A newly disclosed Windows Defender vulnerability, tracked as CVE-2026-50656 and dubbed RoguePlanet, has raised concerns across the cybersecurity community after a working proof-of-concept (PoC) exploit was released before a security patch became available. The exploit was published on GitHub by security researcher Nightmare Eclipse on June 10, 2026, only hours after Microsoft issued its June Patch Tuesday updates.
The RoguePlanet flaw affects Microsoft Defender and carries a CVSS 3.1 base score of 7.8, categorized under CWE-362, which covers race conditions caused by improper synchronization of shared resources. Microsoft has acknowledged CVE-2026-50656 and confirmed that a fix is in development, but as of June 18, 2026, the company has not announced a release timeline.
The publication of CVE-2026-50656 followed the researcher’s earlier coordinated disclosures involving two other Defender vulnerabilities, CVE-2026-45586 (GreenPlasma) and CVE-2026-45585 (YellowKey), both of which were addressed during June’s Patch Tuesday cycle.
Nightmare Eclipse stated that the decision to publicly release RoguePlanet without a prior coordinated disclosure period stemmed from dissatisfaction with what was described as slow response times within Microsoft’s bug bounty process. As a result, defenders are now dealing with a publicly documented exploit targeting one of the world’s most widely deployed endpoint security platforms before a patch is available.
CVE-2026-50656 exploits a Time-of-Check to Time-of-Use (TOCTOU) race condition inside Microsoft Defender’s file-processing workflow. During a scan, Defender checks a file path and later reopens the file for analysis. The RoguePlanet exploit takes advantage of the gap between those two actions by replacing the original file with a malicious payload.
Because Microsoft Defender operates under the SYSTEM account, a successful race condition allows the substituted payload to execute with SYSTEM-level privileges. The exploit reportedly works on fully patched Windows 10 and Windows 11 systems.

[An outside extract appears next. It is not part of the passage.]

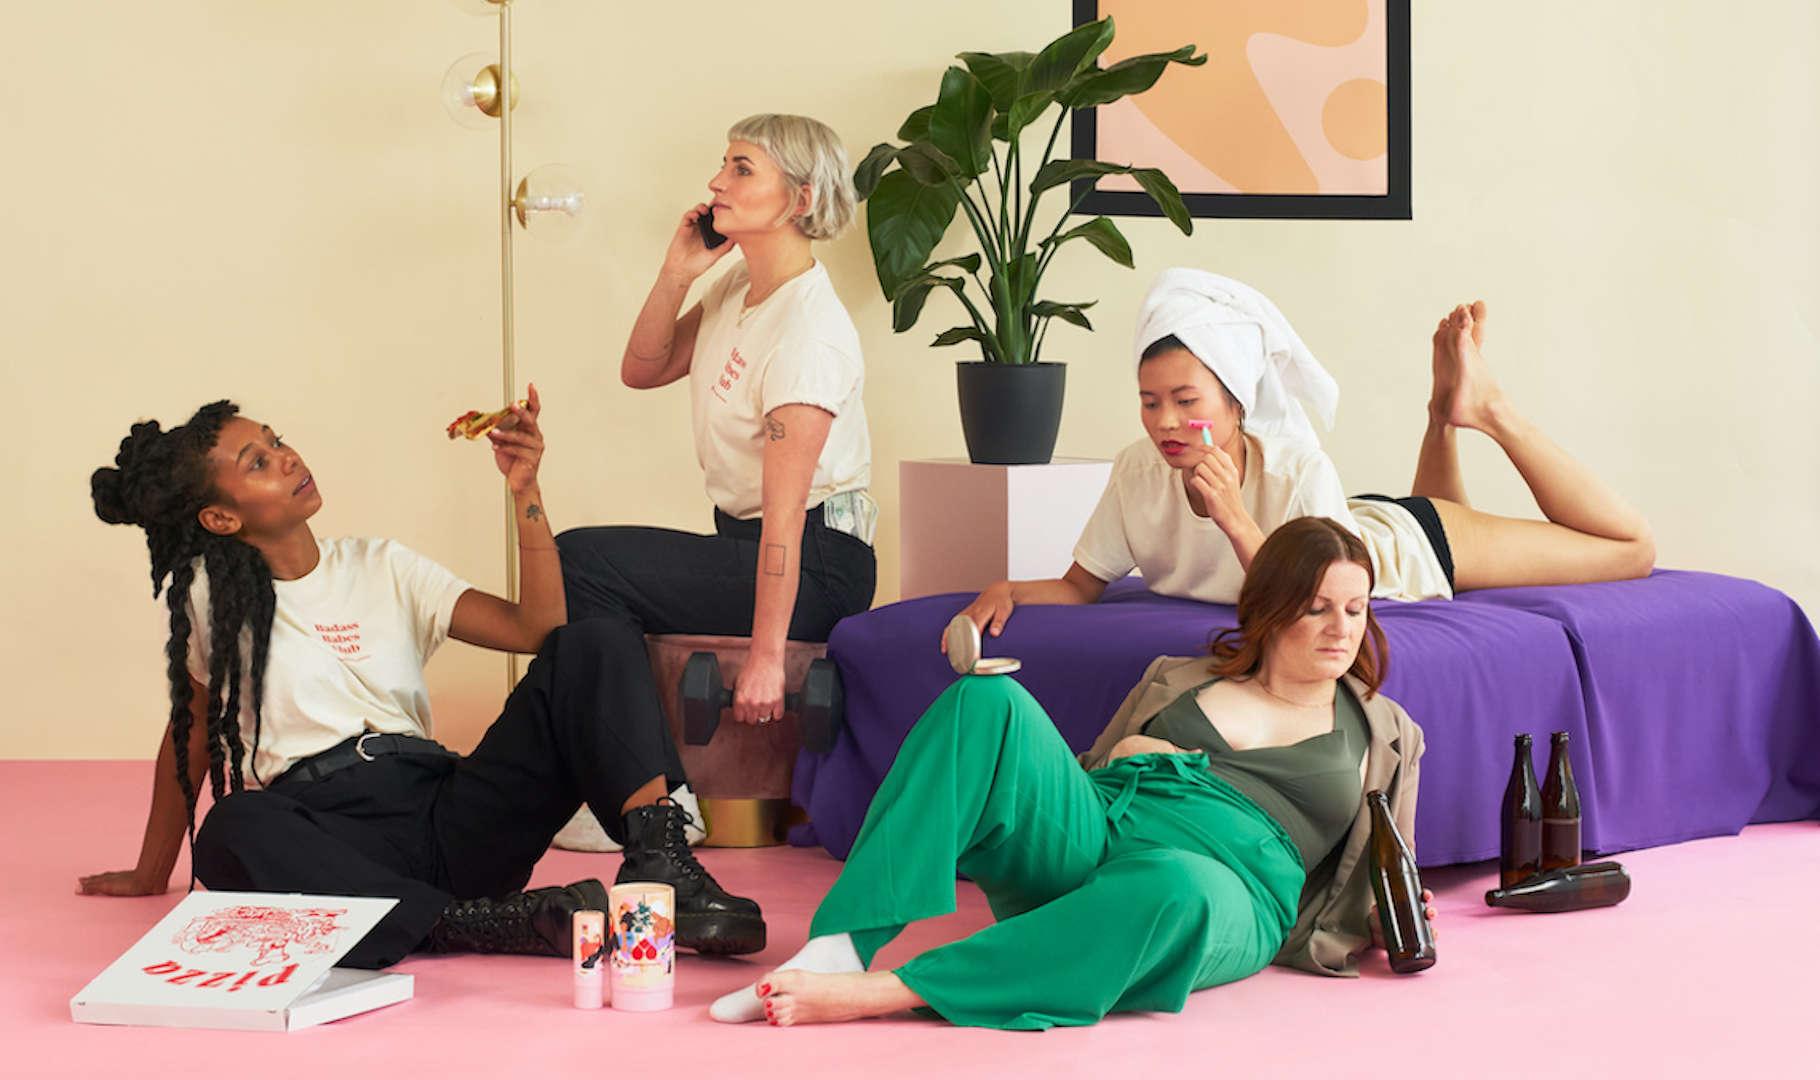 Vier Frauen die sich an typische Männerklischees bedienen

Although exploitation requires local authenticated access, attackers often obtain such access through phishing campaigns, browser exploits, or stolen credentials. The PoC is not guaranteed to succeed on every attempt because it depends on winning the race condition. However, Nightmare Eclipse noted that automated retry mechanisms can make exploitation reliable in practical scenarios.
Local privilege escalation vulnerabilities such as CVE-2026-50656 are frequently used in post-compromise attack chains. Once attackers gain limited access, vulnerabilities like RoguePlanet can elevate permissions to full system control. This enables actions such as disabling security software, extracting credentials from LSASS, establishing persistence, and moving laterally across networks.
Microsoft stated that it is working on a ‘high-quality patch’ but has not committed to an out-of-band release, leaving open the possibility that CVE-2026-50656 could remain unpatched until a future Patch Tuesday update. Organizations are advised to monitor Windows Event Logs for unexpected SYSTEM-level process creation, deploy EDR detections for rapid file-substitution activity, enforce least-privilege access controls, restrict unnecessary development tools, enable Attack Surface Reduction rules in block mode, block known PoC hashes, and deploy Microsoft’s fix immediately once it becomes available.